## Available data:
....................

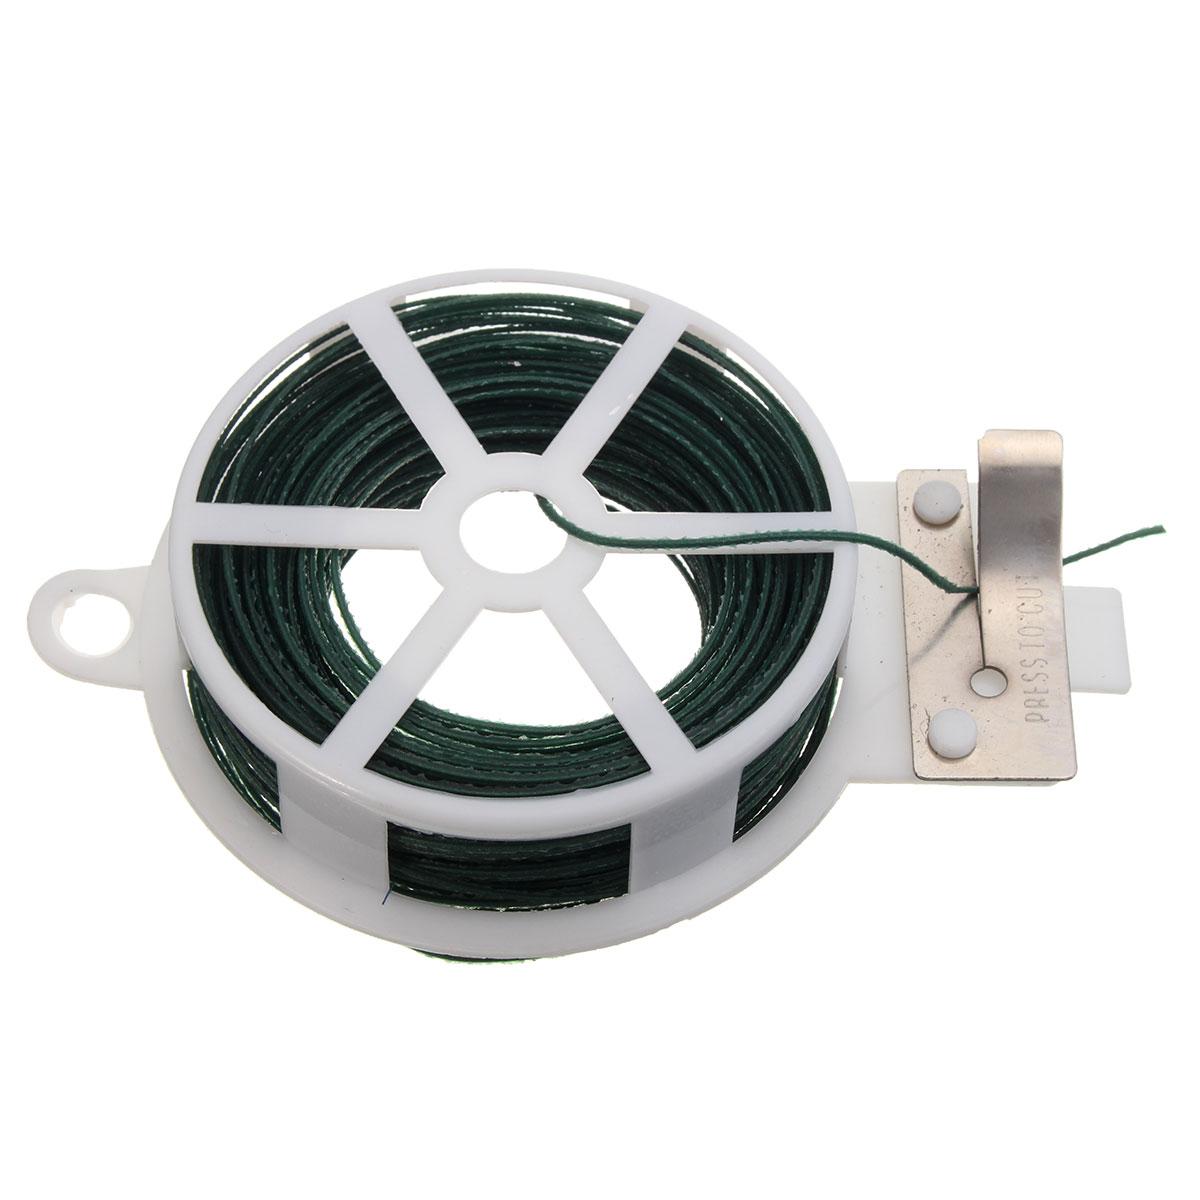 ∞Newest Cable Tie 30M Roll Wire Twist Tie Reel Green Garden ...
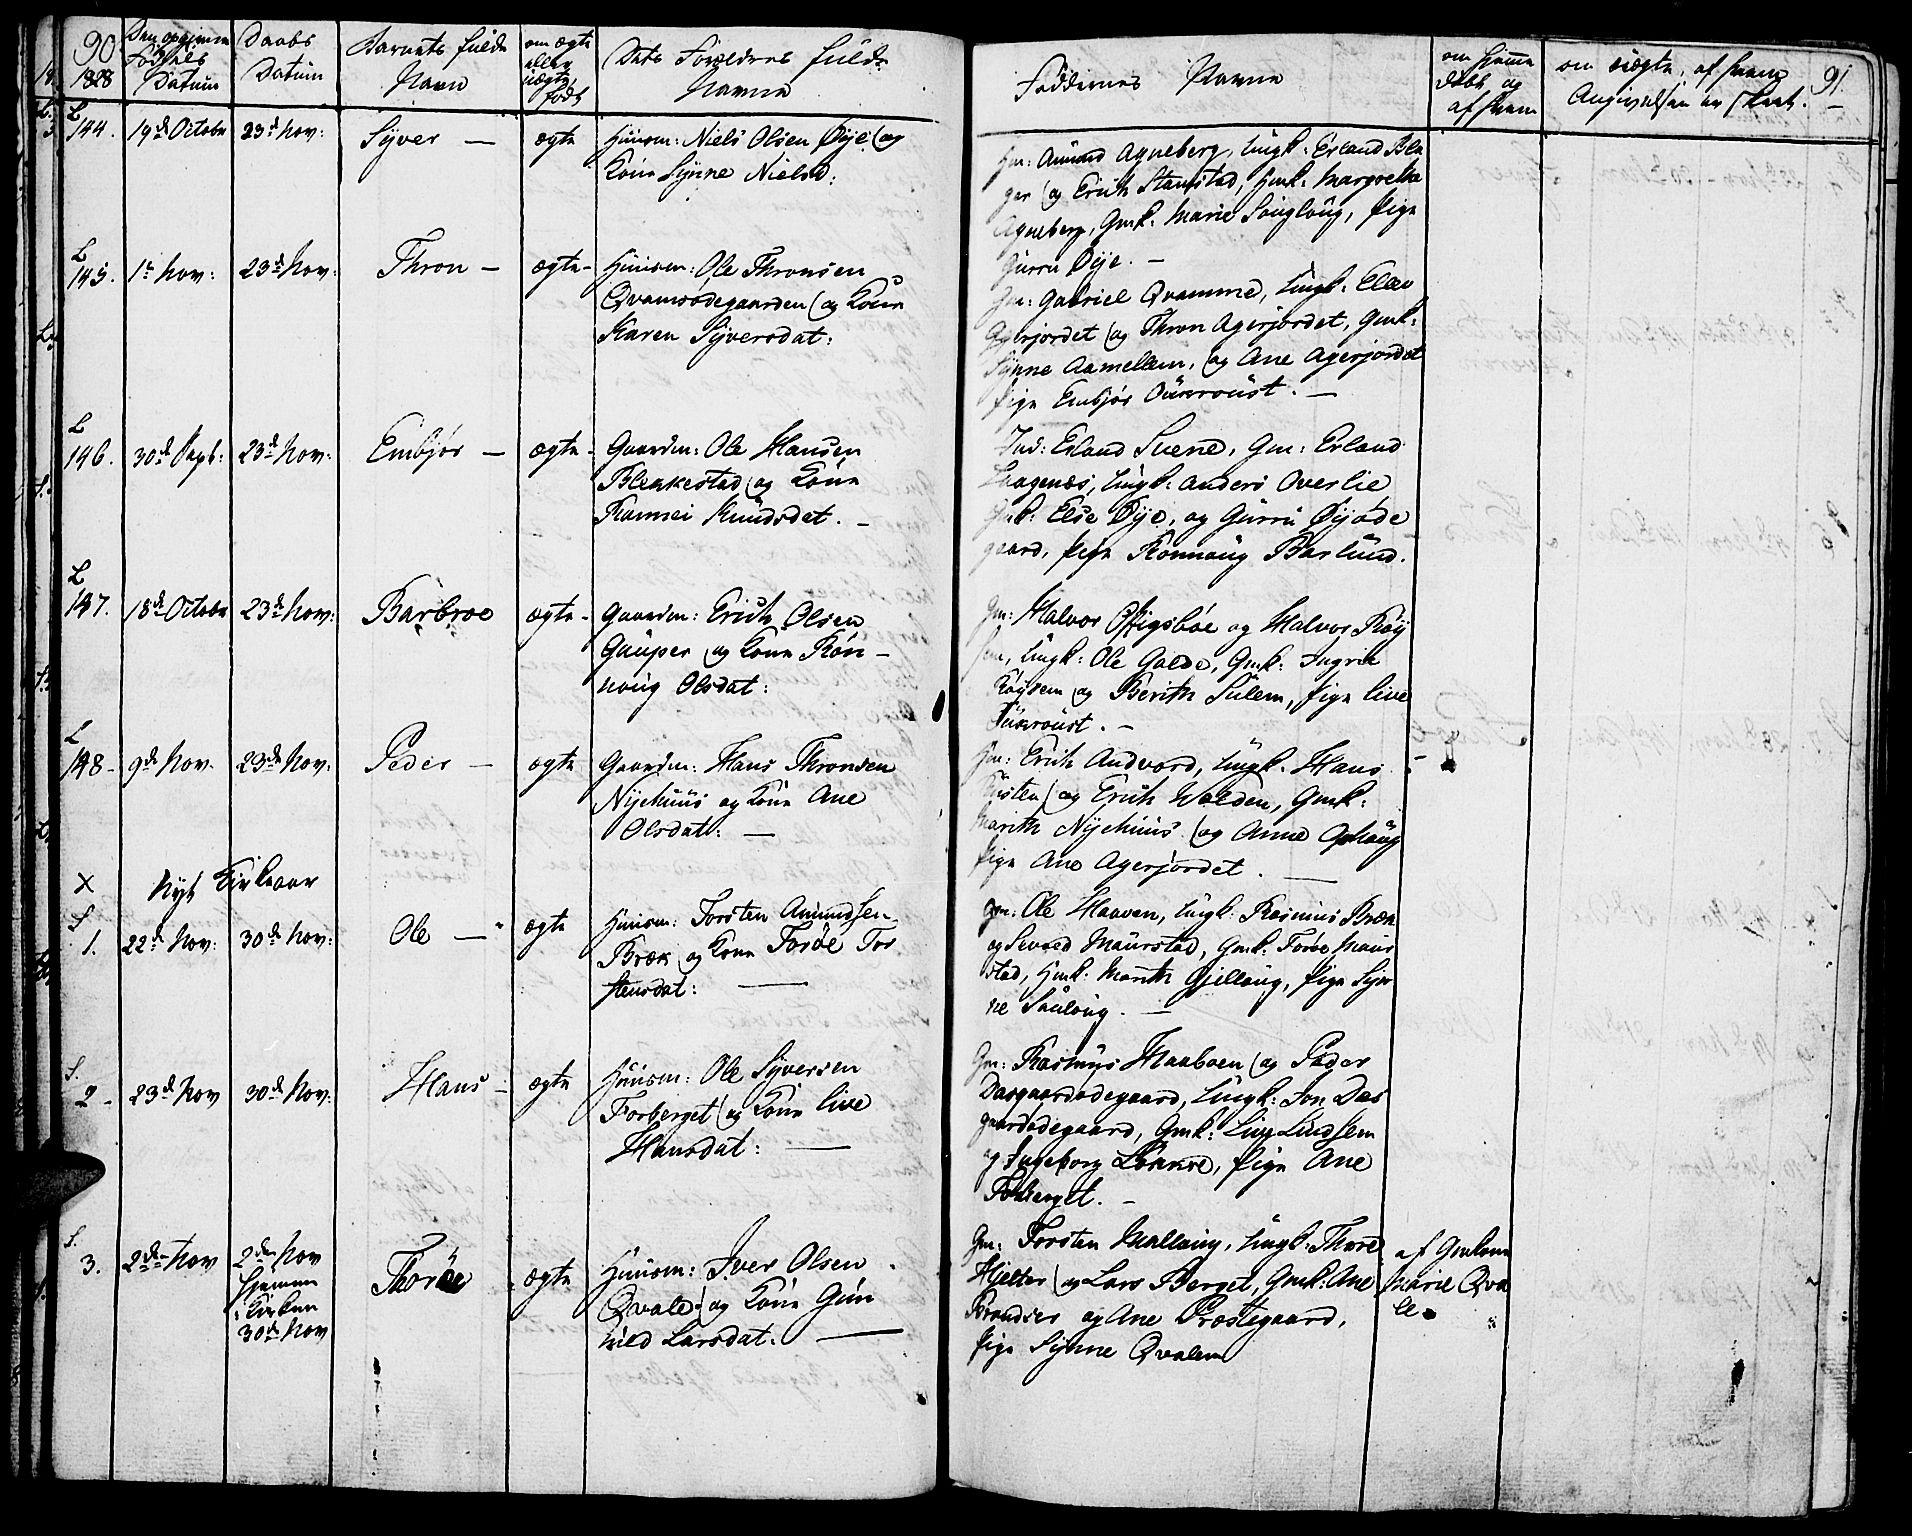 SAH, Lom prestekontor, K/L0005: Parish register (official) no. 5, 1825-1837, p. 90-91
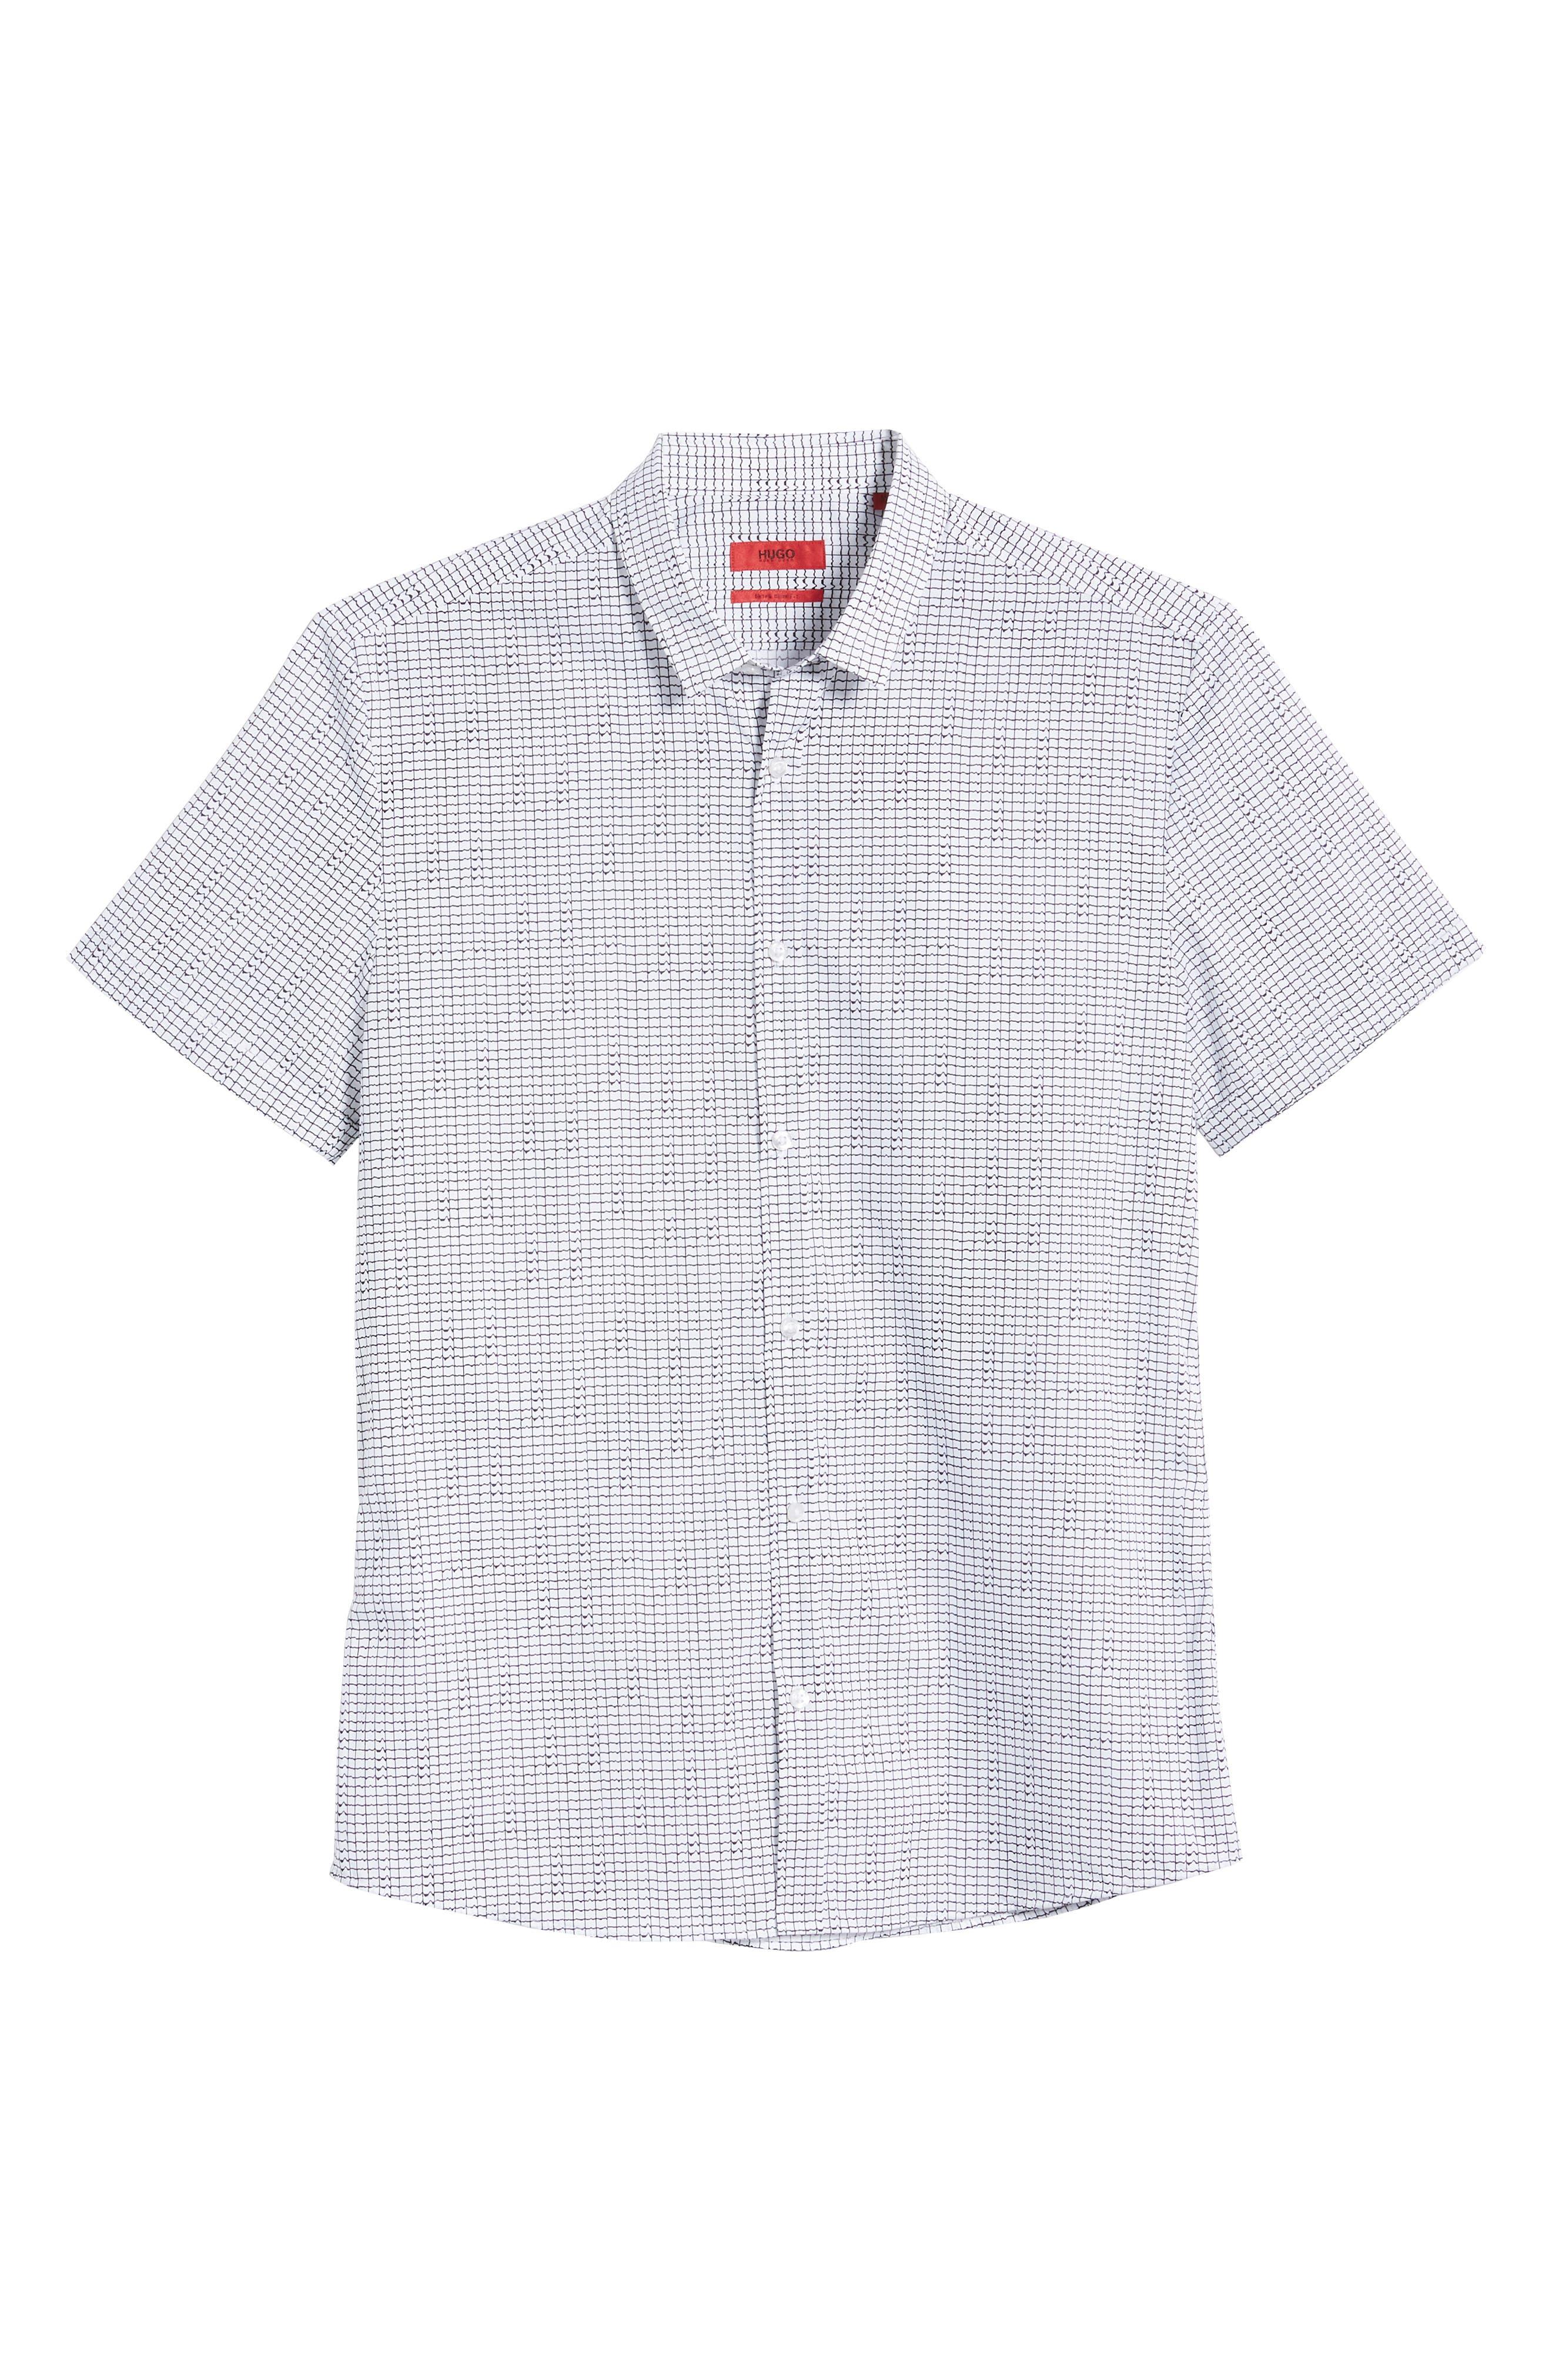 HUGO, Empson Slim Fit Print Sport Shirt, Alternate thumbnail 5, color, WHITE

....................

## What the exercise asks:
Return the full set of lines above word for word and with no pictures.

## Response area:
 ∞Newest Cable Tie 30M Roll Wire Twist Tie Reel Green Garden ...
 SAH, Lom prestekontor, K/L0005: Parish register (official) no. 5, 1825-1837, p. 90-91
 HUGO, Empson Slim Fit Print Sport Shirt, Alternate thumbnail 5, color, WHITE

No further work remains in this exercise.